Clouded Judgement 12.1.23 - Net New ARR Starts to Rebound + AWS ReInvent Recap
Every week I’ll provide updates on the latest trends in cloud software companies. Follow along to stay up to date!
This week Amazon had their annual AWS ReInvent conference. Couple takeaways for me:
2024 is shaping up to be the “prototype to production” year for AI. This year, there was tons of experimentation. There were also quite a few questions around cost and compliance. On the former - we’ll see a lot of these experiments translate to production facing apps in 2024. And on the latter - there will be more guardrails and structure in place to appease some of the compliance questions. On the cost piece - there were a number of folks who made statements like “we can’t roll out this chatbot / CoPilot to our entire user base becasue our costs would explode!”

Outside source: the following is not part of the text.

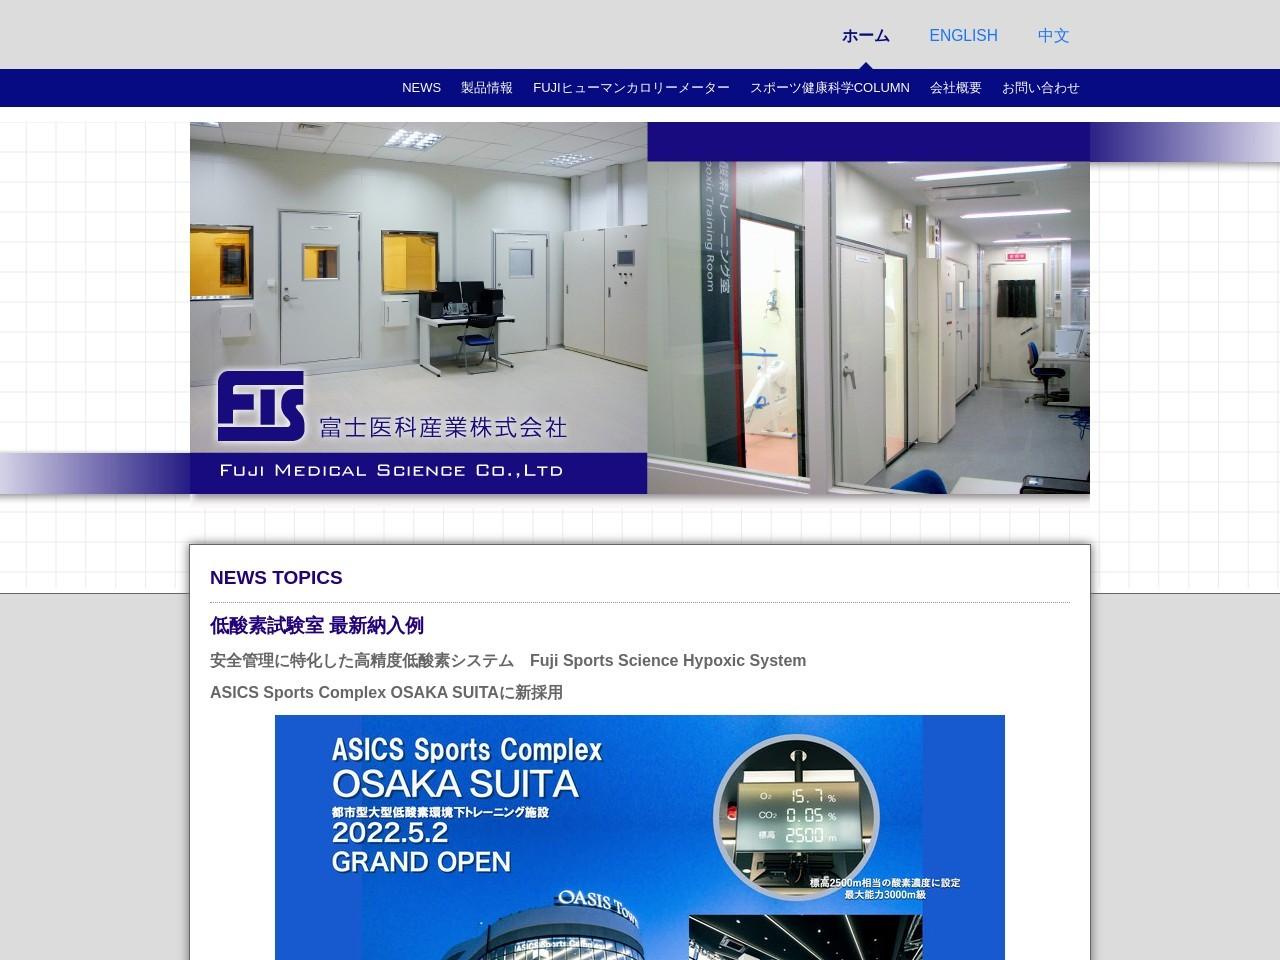 富士医科産業株式会社松戸研究センター

AWS fully embracing the breadth over depth approach. They want to offer up developers as many options as possible. When it comes to foundation models, outside vendors like Anthropic, AI21 Labs, Cohere, Meta Llama, Stability as well as Amazon’s Titan models are all available on Bedrock. Amazon was clear in their beliefs that there won’t be “one model to rule them all” and instead users will embrace choice. When it comes to vector search / support, they will make that available in all of their databases
Customizations are coming. General purpose GenAI tools dominate the market today, but the tooling layer is starting to emerge to allow enterprises to fine tune models to their specific data.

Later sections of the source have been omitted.